Marie held up a hand to quell his fear. “The baby’s fine!” she said, squeezing his arm to accentuate her point. “The baby’s fine,” she said again, new tears filling her eyes. “And she’s beautiful. Karl, your baby girl is beautiful. . . .”
The young man, barely more than a boy himself, nodded.
“Karl . . .” Marie hesitated. “Karl, she made me promise. Elise made me promise that . . .” She hesitated again, unwilling to cause the grieving young man any more pain, but determined to stand up for her friend’s last wishes.
“What?” Weariness muffled the word.
“She made me promise not to give them the baby. Not to let them take her.”
Karl stared at her, eyebrows drawn. “What . . . ?”
“When we were driving here—she made me promise that I wouldn’t let the Germans take her baby and place it in some Nazi home somewhere to be raised like . . . like . . .”
“Me? That’s what you mean, right? To be raised like me?”
She shook her head, flustered. “No. No, Karl. She never considered you a Nazi. You were . . . You were the man she lov
ed.

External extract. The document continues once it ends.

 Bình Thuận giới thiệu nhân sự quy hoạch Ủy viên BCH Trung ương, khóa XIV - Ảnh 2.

But she didn’t want her baby to be raised by strangers. I think she wanted her raised by someone who knew her mother, and—”

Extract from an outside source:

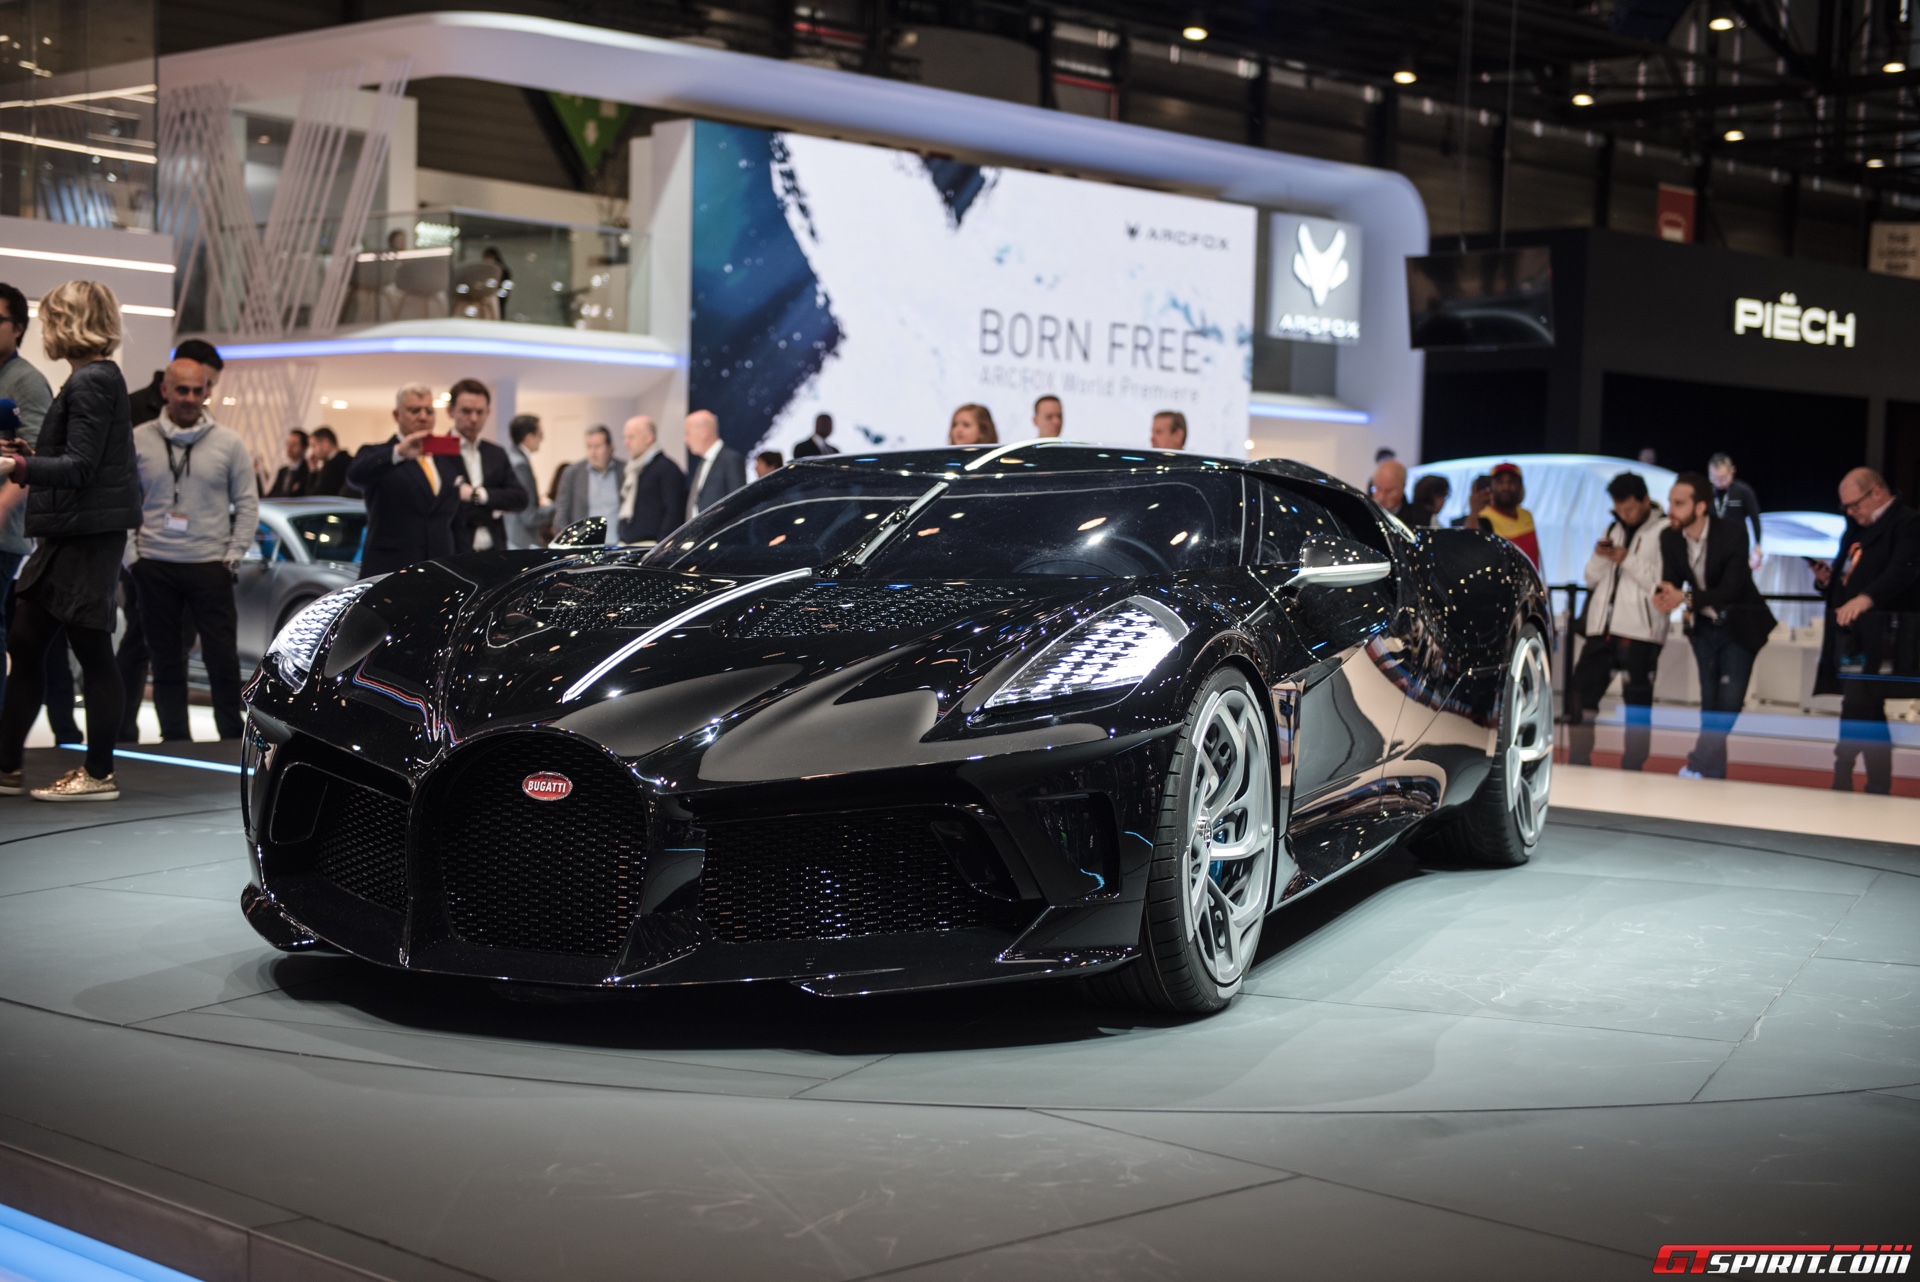 Bugattis La Voiture Noire is the worlds most expensive new auto

“My daughter is a child of the Führer. She was conceived for him and she will be raised by him.”
“Karl . . .”
“No!” he yelled, pointing his finger at Marie. “My daughter will be raised as I was. She will be raised by a good German family and will grow up to understand that only the powerful—”
“Karl!” The ferocity with which she said the word stopped him short. “Elise is dead!” she cried. “Elise is dead! Do you understand that? It doesn’t matter what you think—what matters is what she wanted before she died giving birth to your child!”
Stunned, Karl stammered, “But . . . she knew why we were having it.”
Marie leveled a disgusted look at him and threw up her hands. “Do you really believe that? Karl, do you really believe that Elise was having this baby for the Reich? She was having it for you! She was having it because she loved you and wanted that love to produce something beautiful. She might have played along with your loyalty to Hitler and your desire to give this child over to him for a while, but I assure you that the woman who rode in that truck with me yesterday had only one thing on her mind, and that was saving her daughter.” She let the words sink in before adding, “We’ve got to do that now. You and me. We’ve got to get your baby girl out of the castle before she’s shipped off to some halfway home with the rest of them.”
Karl hadn’t moved since the beginning of her diatribe. He seemed torn between anger, surrender, and grief. The emotional tug-of-war was imprinted in the dark shadows under his eyes and the creases in his forehead. “She’s a child of the Reich,” he said, the conviction he’d shown earlier gone from his voice. “She’s . . .”
“She’s Elise’s baby,” Marie finished for him.“You’ve got to help me, Karl.” When he didn’t move or answer, she said his name loudly enough to cause the horse to whinny. “Karl!”
He shook his head as if to clear it and covered his face with his hands again, running them up into his hair as he threw back his head and growled at the stall’s ceiling. “Fine,” he finally said. He turned his head against the stone wall to look at Marie, defeat in his gaze. “Fine. I’ll help you.”